Tuesday, January 6, 2015

With a New Dress and Greater Brilliance -- January 6, 2015

Perrysburg Journal, 09-February-1919

Magician Howard Thurston established himself as a successful vaudeville performer, then joined with Harry Kellar on his farewell tour.  When Kellar retired in 1908, Thurston carried on as his successor.  Thurston continued performing until he suffered a stroke in 1935.  This ad and the accompanying article are for a 1919 visit to Toledo, Ohio.  I have never before seen the word "digitarian." 

Thurston, the Magician

Thurston; the famous magician matinee idol of theatregoers not yet in their 'teens, and entertainer of audiences of all ages, returns to Toledo after an absence of two years for an engagement of one week at the Auditorium theatre, starting Sunday evening, with matinees Wednesday and Saturday.

Thurston's engagement is of more than passing interest. There is no form of entertainment which appeals more potently to the general public than magic, and to Thurston is due the credit of bringing it to its highest expression.

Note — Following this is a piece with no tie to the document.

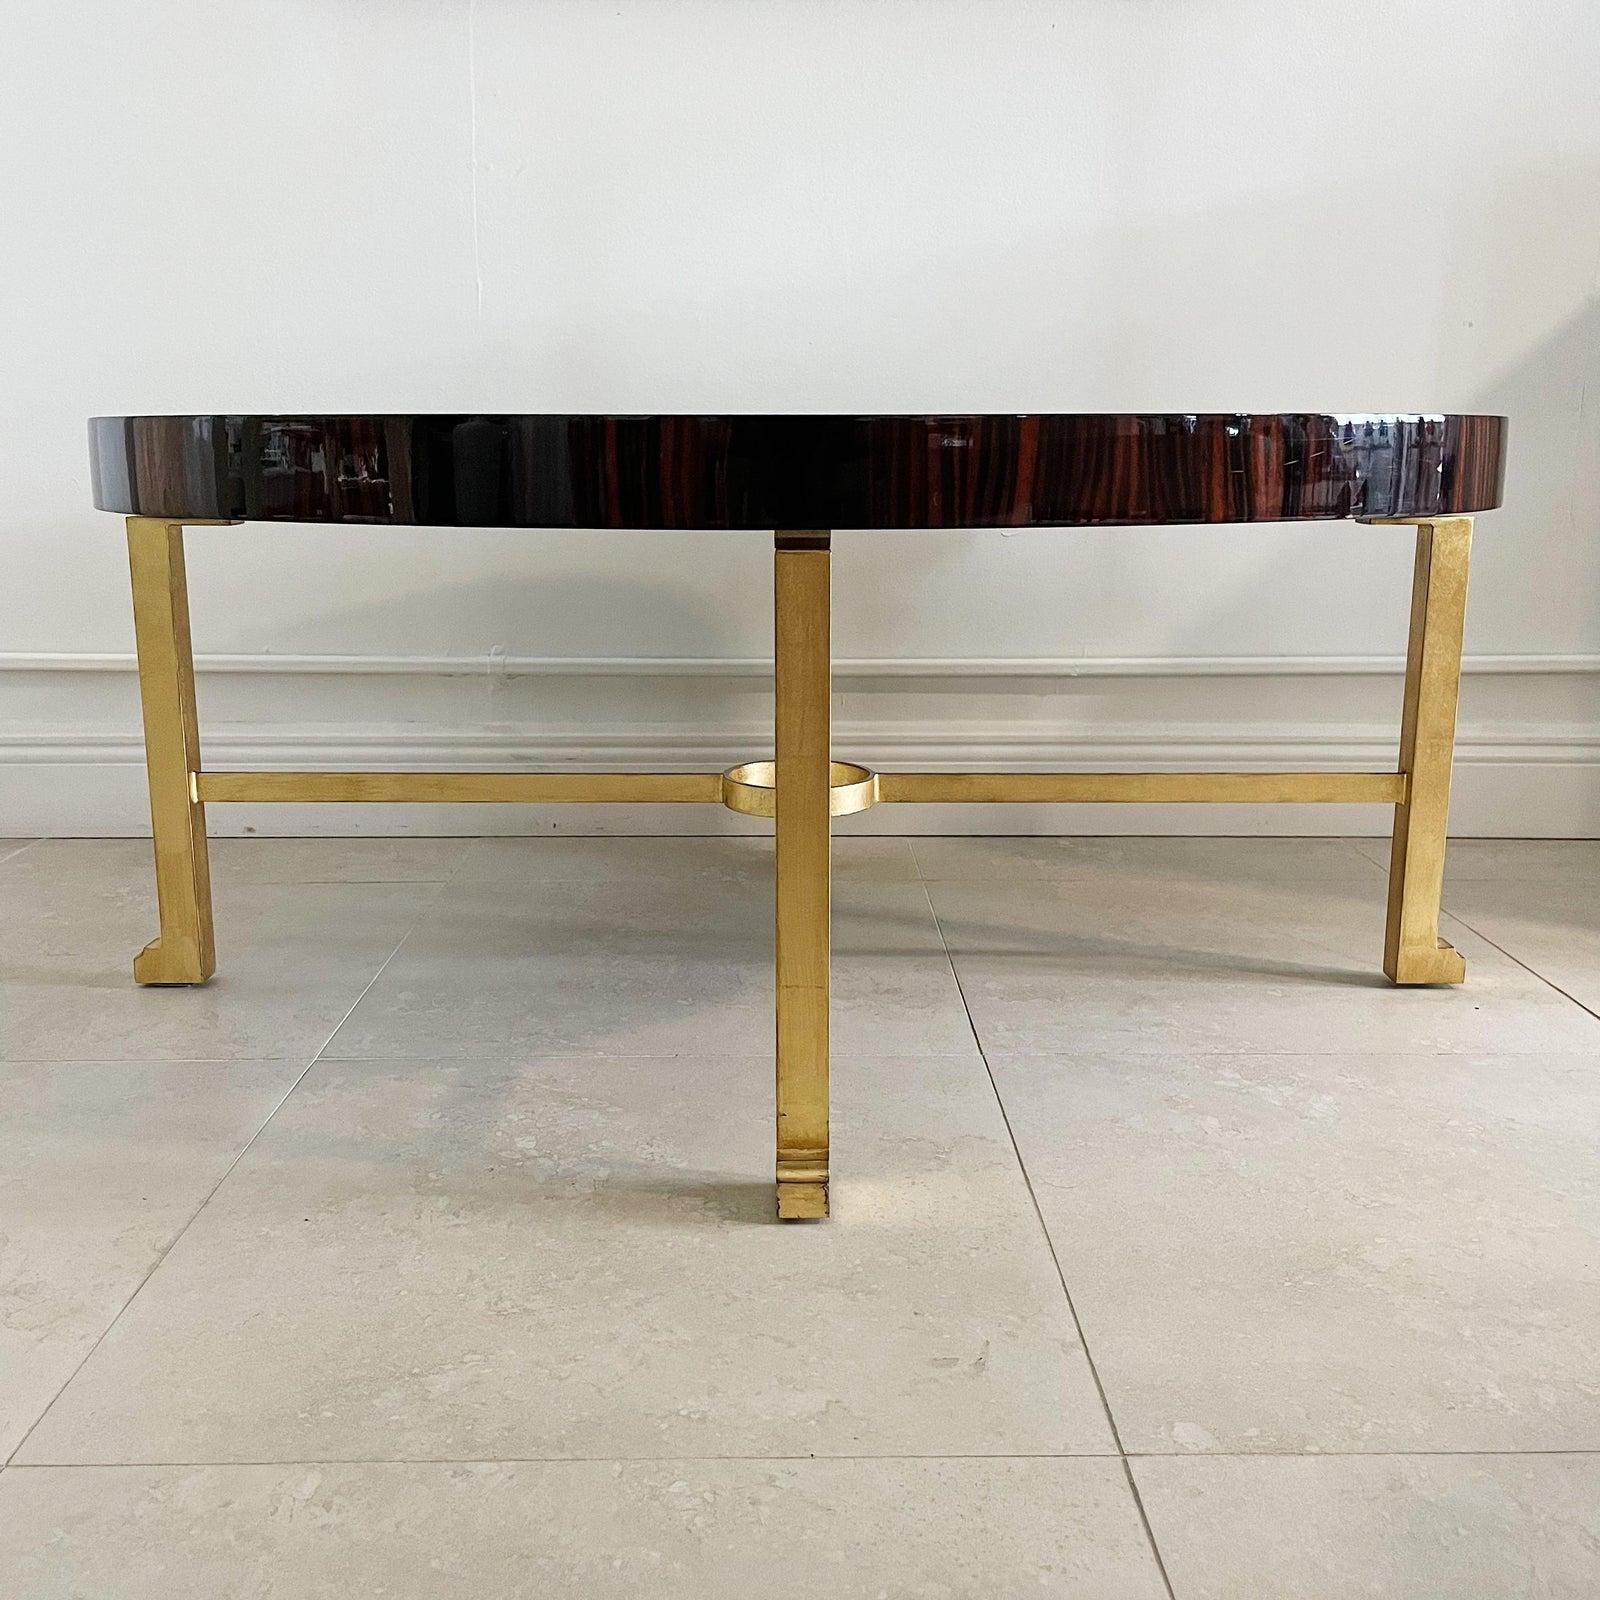 Macassar ebony veneer, gilt iron and parchment coffee table in the style of Karl Springer circa 1995. signed on underside.

The greatest asset to his success is the fact that he offers constant change in his program each year. The keynote to his performance this year is "thrill" and the majority of his creations smack of afterworld workings and hobgoblin spells, although there is an abundance of humor introduced.  Thurston himself, without mystic habiliments or exaggerated mannerisms, is a personage of distinct magnetism, and his cleverness In ledgeremain (legerdemain - JT) and digital trickery has been a marvel to all who have witnessed his performance. His methods are progressive and his entertainment a far cry from the old stereotyped aggregation of card tricks and mind reading. It is a strange field in which Thurston has devoted his life, one that has been occupied by very few really illustrious artists. With his dexterous fingers, his ready wit, and his charming personality, he is not only a wizard to excite wonder, he is a companion to enjoy. His success is due to persistent continual work and the love of it. He delights in every thing he does, he loves animals and loves to work with them ; he finds recreation in turning from one interest to another. He is never idle. He is more than a merely expert digitarian, he is inventor, engineer, mechanic, manager of men and immediate commander of many and diverse forces.

Two car loads of scenic accessories and electrical effects are used in Thurston's performance, and the costuming and wardrobe is said to be sumptuously rich and beautiful.